Linux bcache driver list
 help / color / mirror / Atom feed
From: Ankit Kapoor <ankitkap@google.com>
To: colyli@fygo.io
Cc: ankitkap@google.com, kent.overstreet@linux.dev,
	 linux-bcache@vger.kernel.org, linux-kernel@vger.kernel.org
Subject: Re: [PATCH 1/1] bcache: fix stale data race between read cache miss and bypass write
Date: Wed, 27 May 2026 13:41:08 +0000	[thread overview]
Message-ID: <20260527134109.2659134-1-ankitkap@google.com> (raw)
In-Reply-To: <ahRNUlU60mx9ESd1@studio.local>

Hi Coly,

Thank you for the feedback, for confirming the issue, and for the guidance.

> Hi Ankit,
> 
> Yes, I confirm this is an issue that must be solved.

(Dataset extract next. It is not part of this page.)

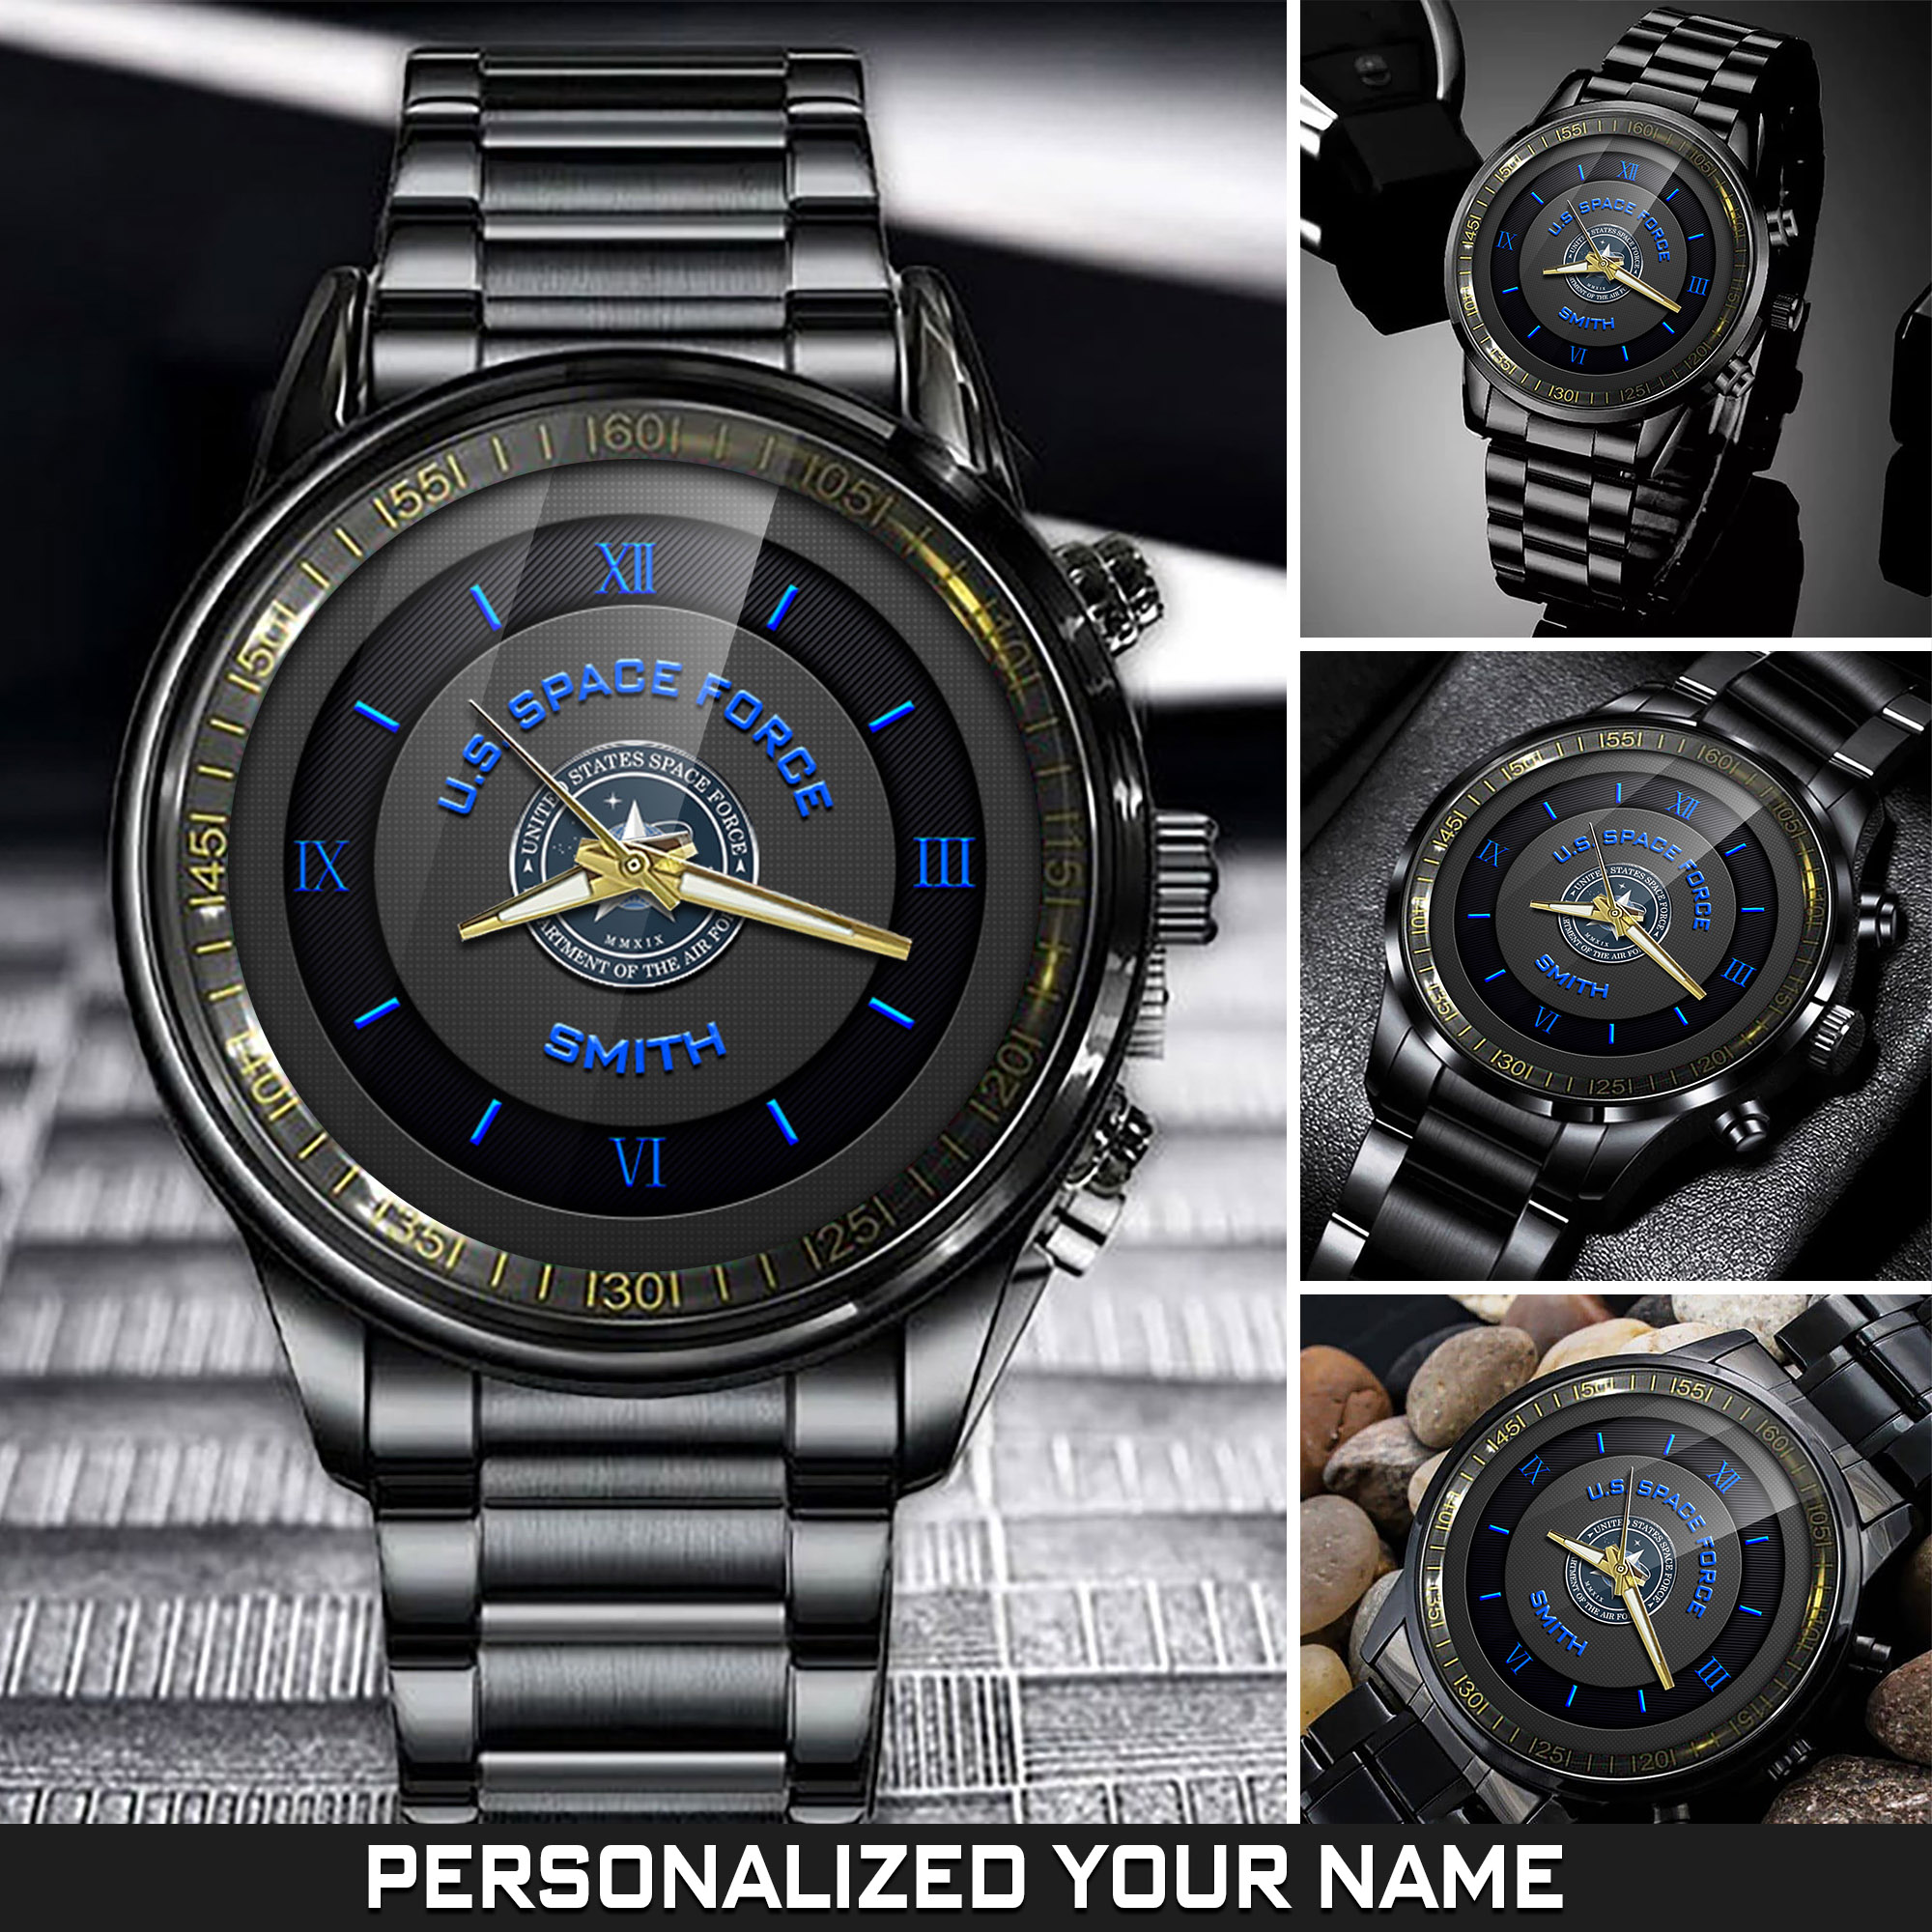 Personalized U.S. Space Force Black Fashion Watch With Your Name, Military Watches, Coast Guard Watches For Men, Gift For Veterans, Soldier Gifts

Nice catch!
> 
> On Thu, May 21, 2026 at 04:39:25PM +0800, Ankit Kapoor wrote:
>> A race condition exists between a read cache miss and a bypass write
>> due to either congestion or sequential bypass, that causes stale data
>> to be cached when the read cache miss runs concurrently with a bypass
>> write targeting the same sectors.
> 
> This patch fixes the stale data issue in run time, but if power failure
> happens inside the race window, after boot up again, the stale data
> still exists in cache for following read hits.
> 
> And your fix invalidate the key after on-disk bio completed, which makes
> such stale data window by power failure longer.

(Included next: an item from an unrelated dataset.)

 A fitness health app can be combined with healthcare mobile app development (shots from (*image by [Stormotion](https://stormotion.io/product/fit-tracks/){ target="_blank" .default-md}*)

While I initially hoped that serializing the operations would suffice, I
completely agree with your point regarding the power-failure risk
which shall be addressed.

> To solve all the stale data race both for run time and power failure
> condition, could you please consider the following proposal.
> 
> Maintain a data structure to hold all invalidate range from by-pass
> write, record/insert the invalidation range before bch_data_insert(),
> and after cached_dev_write_complete(), clear/remove the invalidation
> range.
> 
> For a cache-miss read, if there is any invalidation range refcount
> exists, check all non-zero refcount ranges, if any range overlaps with
> the cache-miss read range, do NOT update the missing bkey back to btree
> and only read data from backing device.

I am now working on a new implementation to track the in-flight 
sectors currently being written, exactly as you suggested here.

> Here you need to design a efficient data structure both for performance
> and memory consumption. I would sugguest to maintain chunk refcounts
> which mapping multiple 32MB ranges on cache device (current max key size
> if I remember correctly) range. You may look at how md raid maintains
> the legacy bitmap refcount, hope that code can give you any hint.

Thanks, I will look into the md raid legacy bitmap reference implementation for
hints. In the meantime, could you please recommend any specific fio
configurations or workloads you prefer for evaluating the memory
overhead and performance impact of this change?

I will send a v2 patch series as soon as the tracking mechanism is ready
and thoroughly tested.

Best regards,
Ankit Kapoor

  reply	other threads:[~2026-05-27 13:41 UTC|newest]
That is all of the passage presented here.